Possession, or management of goods on behalf of others will no longer be seen as grounds for a claim, only full legal title.
HMRC have announced a significant change in the way rules are implemented. With effect from July 15th 2019, an importer will not be allowed to recover VAT paid at import, unless they own the goods concerned.
This is regardless of them being the importer of record, holding relevant customs documentation, or using the goods for a clear business purpose.
Toll operators have been an HMRC concern for a while and will be affected, although the same could apply to a range of service providers. Manufacturers who import, modify and re-export may also have an issue.

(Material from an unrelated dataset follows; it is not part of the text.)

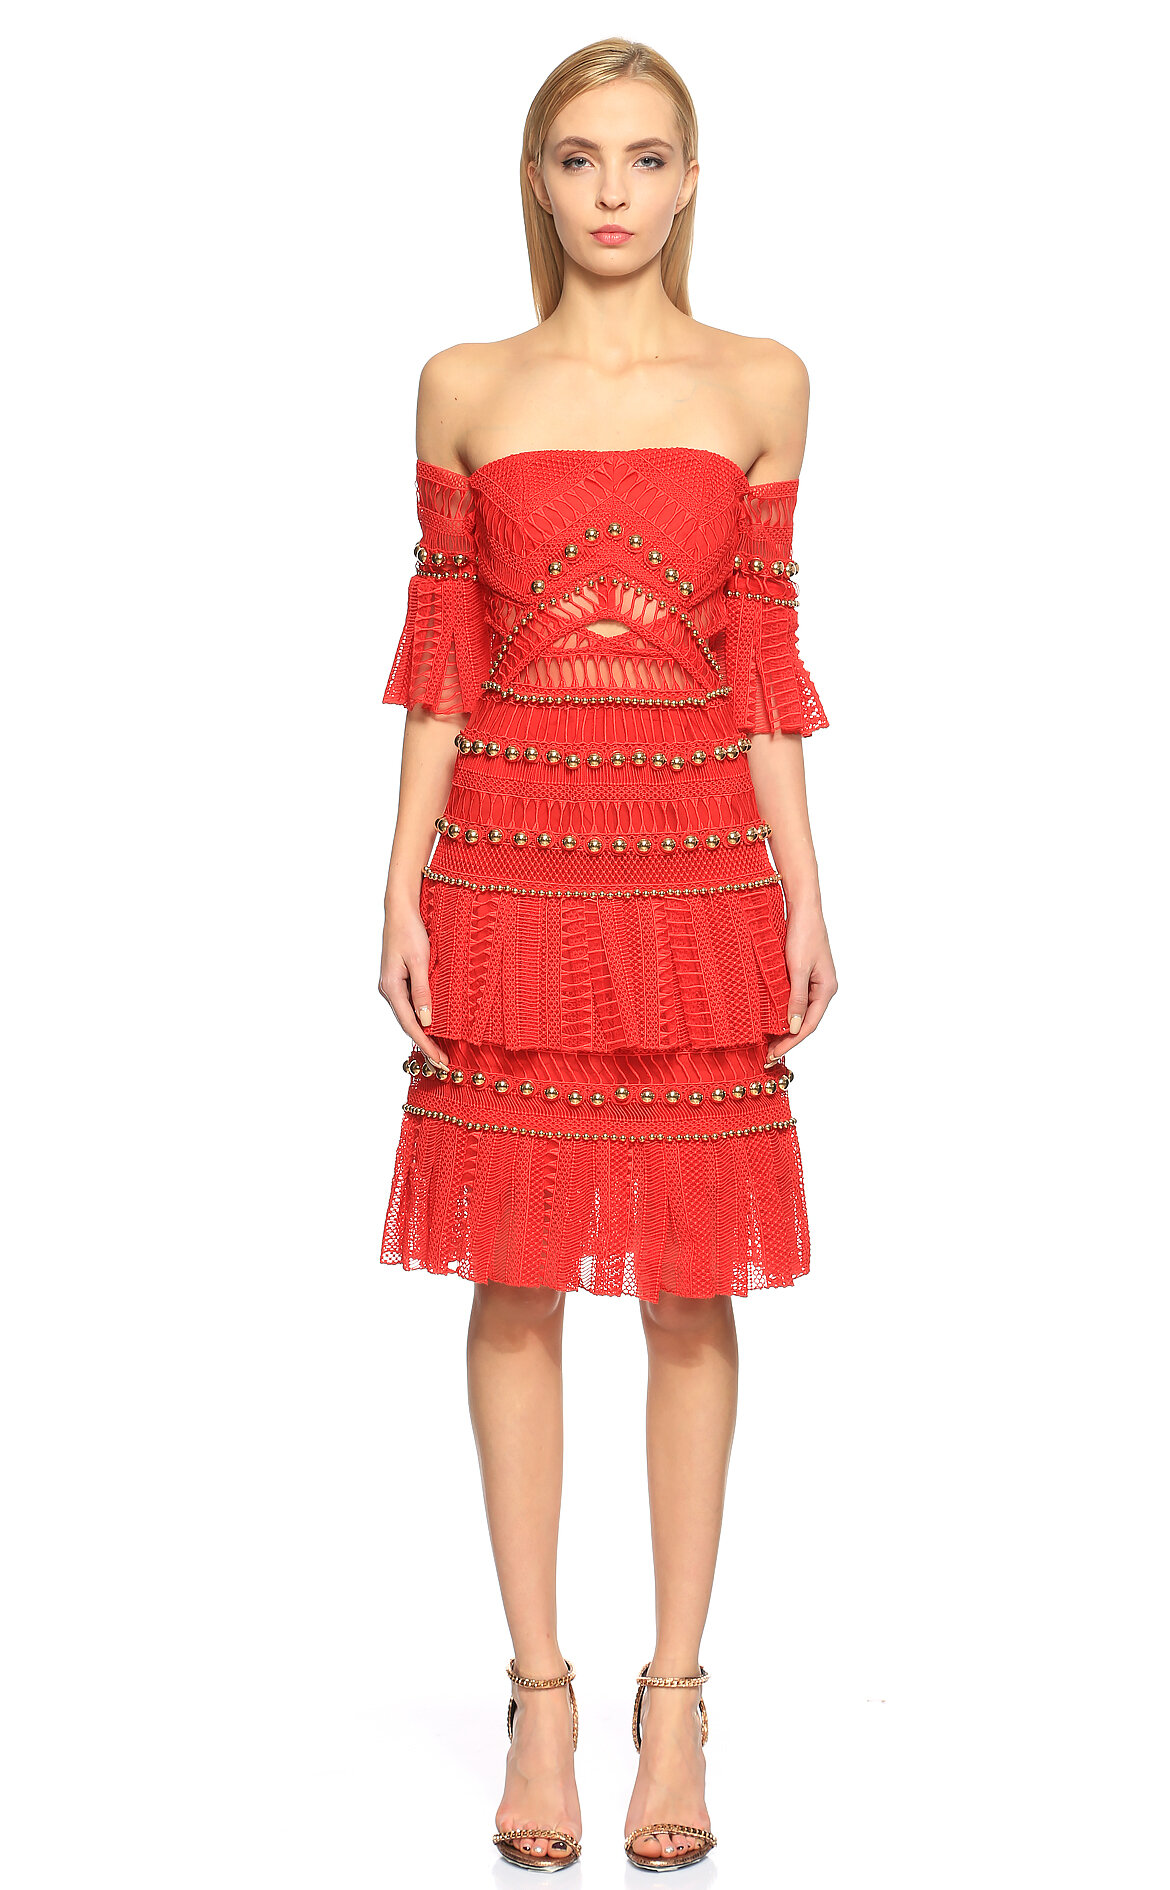 Thurley-Thurley Straplez Elbise

Whilst in the current situation, the above will not apply to imports from the EU, this could change with Brexit on the horizon.
Change Or No Change
HMRC introduced the amended view via Customs Brief 2 (2019) which explains how the law should always have applied. In essence, that legal title to goods is the only basis for being able to reclaim import VAT.
So there is no change as such, although HMRC acknowledge their guidance was not clear. Entire business models have been built on the previously understood basis, in general without any intention to wrongly claim.
Whilst those models may need to be altered, unless there was no entitlement to a claim, or there has been a double claim, historic cases will not be pursued.
There is no government revenue benefit in the amended regime, nor assistance for business. For some, admin levels and cashflow will be impacted. Neither will title having passed to a different UK company help, they would have to claim.
Being able to set aside thoughts on previous claims is at least a help and as always, business will adapt. For a proportion of specialist providers, time spent gaining advice on business structure may be useful.
In terms of wider application, the team at Dynamic International will keep our clients informed and assist in any way we can.